I chose Faztek over 8020 because I could get the Faztek stuff in 2 days using Amazon prime, so I saved on shipping and got near instant gratification. The specs are comparable. I did not find the Rockler multi track profile at either supplier http://www.rockler.com/multi-track-...5J6AfrZ5gB5o4rOAFEqq2_CyLuqobnSS2ExoC0fDw_wcB


----------



## Al B Thayer (Dec 10, 2011)

Tree Hugger said:


> Right and they trademarked the name but how does it compare to Faztek ( sons company claims more bang for the buck with FAZTEK).
> High speed inspection sorting machines using high speed cameras.
> I doubt it's light duty stuff like rockler.
> Personally haven't used either but I can see uses for it ..will have to find out a little more , thanks for the info.


Tree
If I wasn't a woodhead. I'd be building crap out of 8020. I like the way they bundle items and hack off some of the shipping cost.

I've tried a lot of places and can never find a better price than on eBay. You might find a few items on "Amagone" but for me, I have never found a single item for less there. Faxtek has a few items on eBay but...

Al


----------



## WarnerConstInc. (Nov 25, 2008)

Straight from 8020, 30 minutes from home.


----------



## epicfail48 (Mar 27, 2014)

velocipede said:


> Aluminum is fun to work with...it's like having your old erector set back. You can make tons of stuff from it and take it apart and make something else. I got all worn out from hand planing some badly twisted air dried cherry slabs that have been taking up too much room in the shop. I figured a router planer sled would get the job done better, so I put together some 8020 type extrusions from Faztek, some Rockler Multi Track, some angle and floor brackets, various t-nuts and some turned inline skate wheels to create my version.
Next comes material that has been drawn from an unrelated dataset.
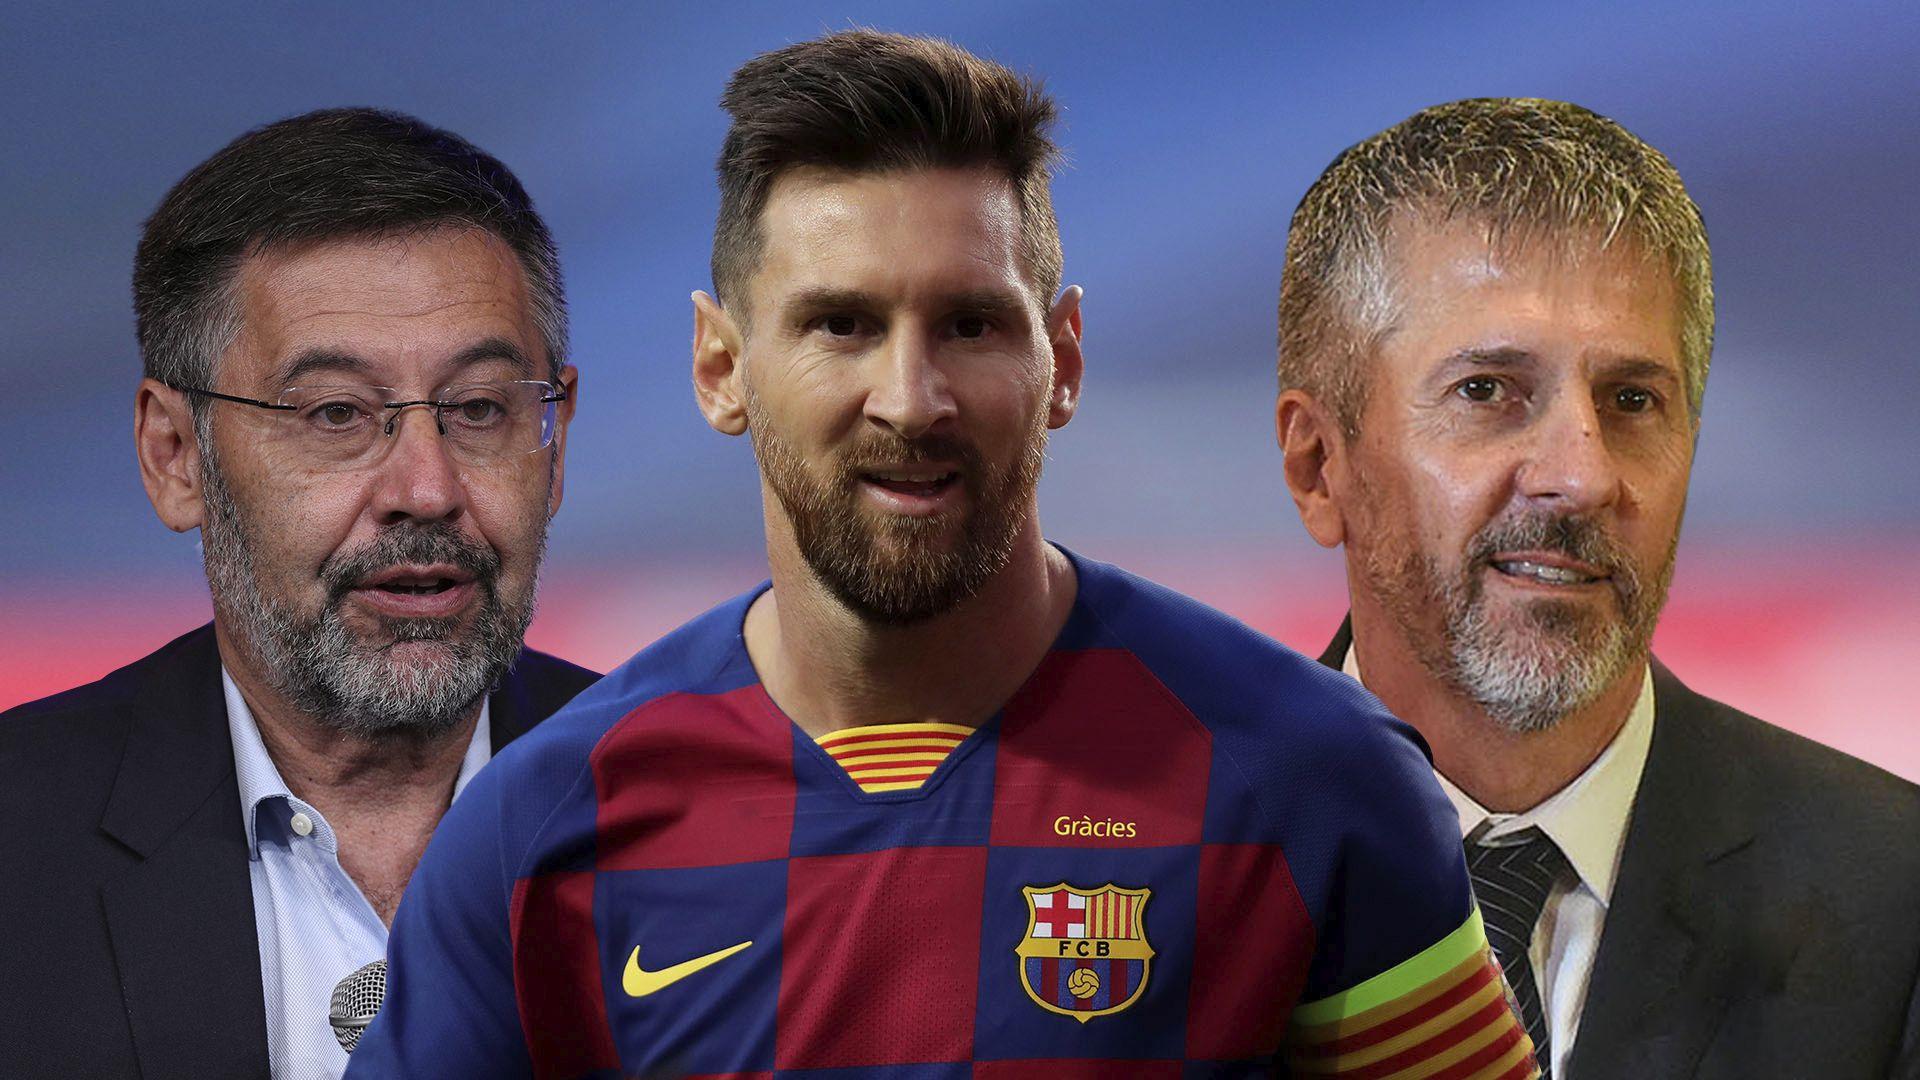 Josep Bartomeu - Lio Messi - Jorge Messi

Some pics of the inaugural test run. Useable area is 25" x 86" with about a three inch height adjustment range before I have to block up the frame. I just need to come up with a way to clamp the piece being planed. Others have used various bench stop systems for that, so that's where I'm headed. The skate wheels worked out great and both X and Y movement is very smooth. Some minor ridges left after planing, but a cabinet scraper took care of them easily.
> View attachment 129729
> View attachment 129737
> View attachment 129745
> View attachment 129753


That's a pretty slick setup mate. Ever thought about putting some stepper motors on there and making a CNC machine?


----------



## velocipede (Jan 15, 2015)

epicfail48 said:


> That's a pretty slick setup mate. Ever thought about putting some stepper motors on there and making a CNC machine?


I can always repurpose these extrusions for a CNC, but the skate wheels are not precise enough to just convert this rig.


----------